Scott #: 2055
India Post issued this stamp to commemorate the tercentenary (300th anniversary) of the raising of the 9th Battalion of Madras Regiment.
A dramatic and virtually unknown past, in an area of bucolic calm surrounded by spectacular hills: that is Colachel, a name that should be better known to us. For this is where, in 1741, an extraordinary event took place the Battle of Colachel. For the first, and perhaps the only time in Indian history, an Indian kingdom defeated a European naval force.
The Battle of Colachel (or Battle of Kulachal) was fought on July 1741 between forces of the Indian kingdom of Travancore and the Dutch East India Company, during the Travancore-Dutch War. It was the first major defeat of a European military force by one from South Asia. The Dutch never recovered from the defeat and no longer posed a large colonial threat to India, assisting the British East India Company's eventual rise to dominance on the subcontinent.
The battle began when a force of Dutch marines under the leadership of a Flemish commander, Captain Eustachius De Lannoy (also spelt D'lennoy) were sent to Travancore to secure a trading post from the Raja. They landed with artillery in Kulachal, then a small but important coastal town, and captured the territory up to Padmanabhapuram, then the capital of Travancore. The arrival of the Raja's army from the north forced the Dutch to take up defensive positions in Kulachal, where they were attacked and defeated by the Travancore Nair Army. The key element of the Raja's army was his personal army, known as the Travancore Nair Brigade or locally known as the Nair Pattalam. This unit was later integrated into the Indian Army as the 9th Battalion Madras Regiment and the 16th Battalion Madras Regiment in 1954.

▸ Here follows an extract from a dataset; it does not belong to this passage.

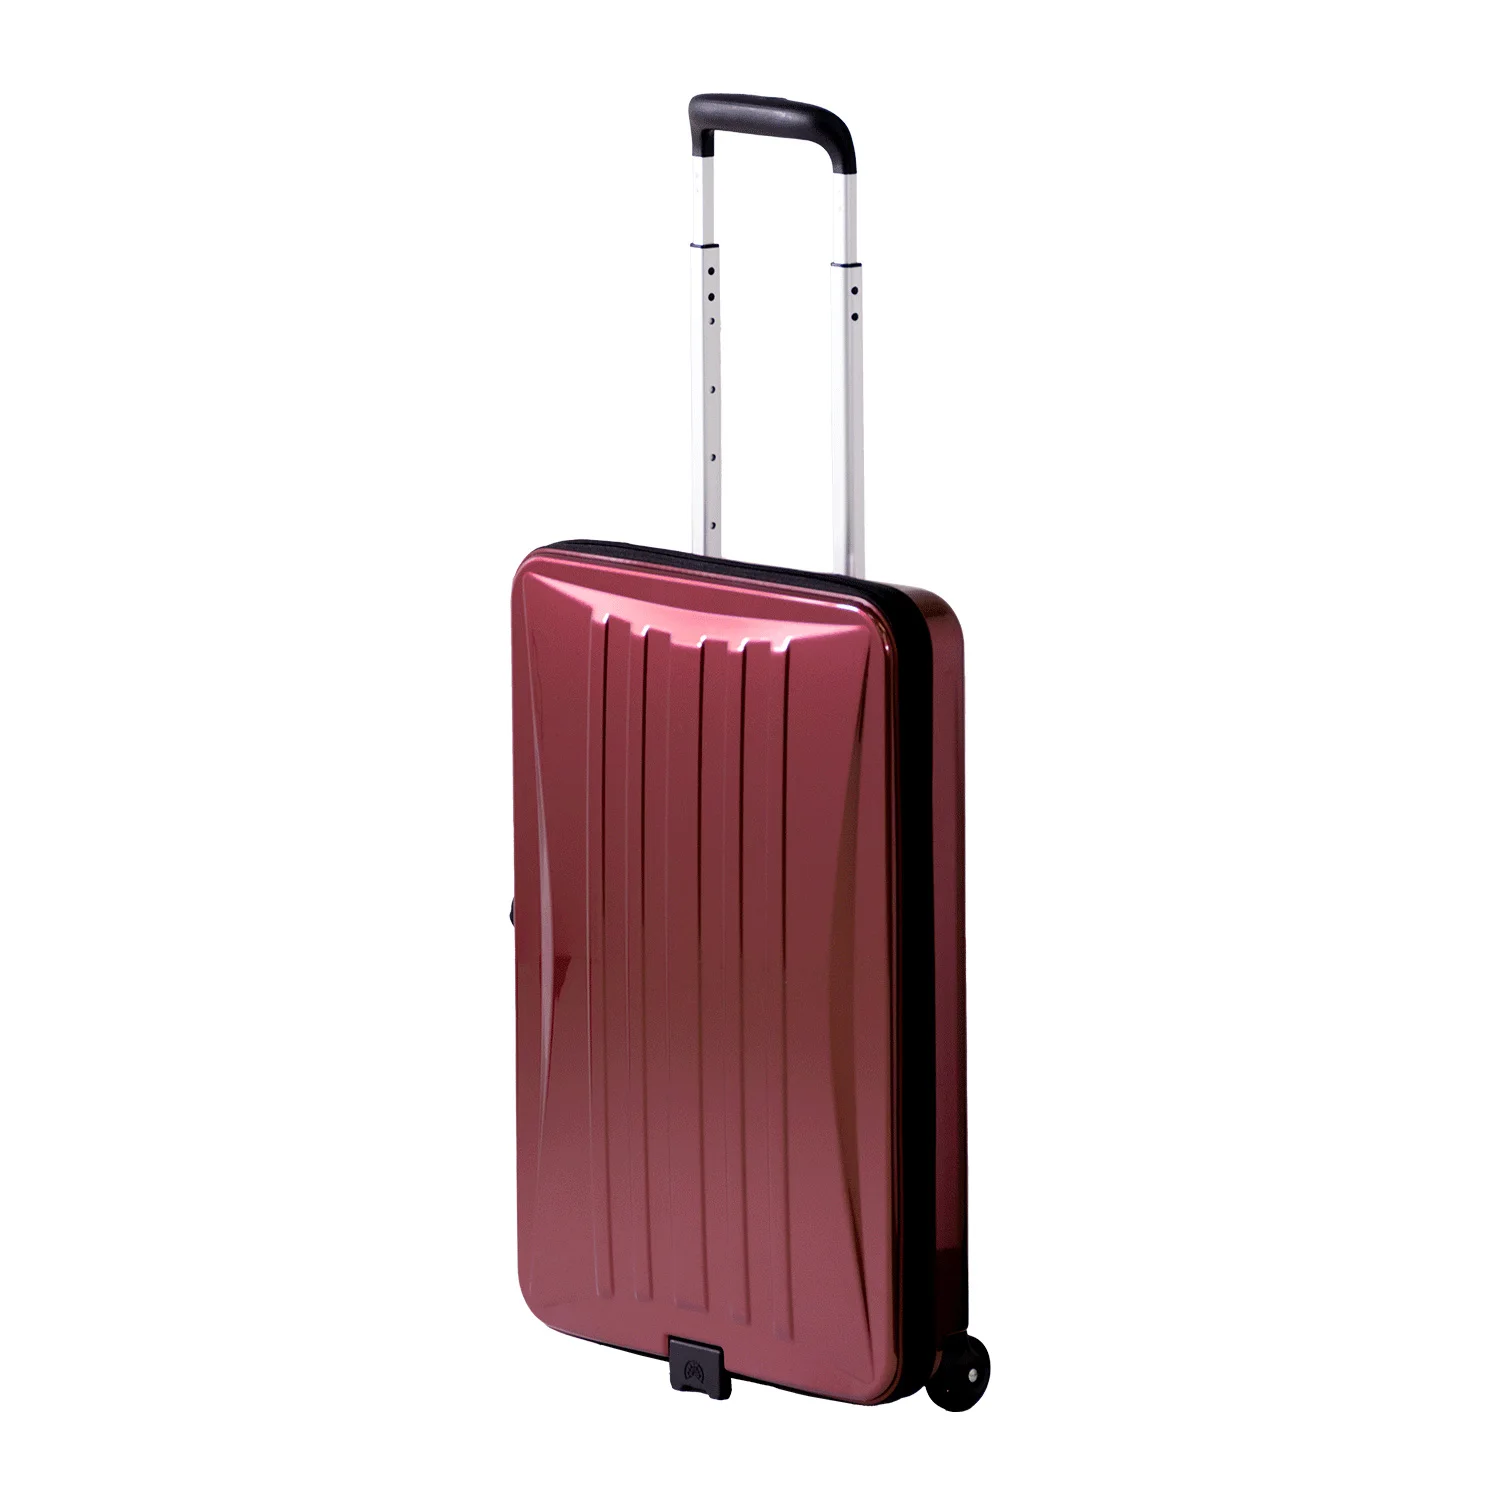 Folding Luggage Rolling Password Luggage Can Ease The Storage Of A 20-Inch Portable Suitcase

In order to commemorate this great victory of the Travancore Army over the Dutch at Colachel, the Travancore Government installed the Colachel Pillar (can also be seen in the stamp) at the very spot where the Dutch had capitulated to the Maharaja of Travancore. The Colachel Pillar stands 17 feet high and has a radius of four feet. It has conch at the top of the pillar and on its base the following words are inscribed in memory of the fallen brethren during the battle :- “In remembrance of all the brave men of Travancore Army who laid down their lives in defeating the superior Dutch forces during the Battle of Colachel in July 1741”.
After the defeat, Commander D'lennoy went on to serve King Marthanda Varma for the next two decades and was promoted to the post of the Valiya kappithan (Senior Admiral) of the Travancore forces same status like a Nair lord.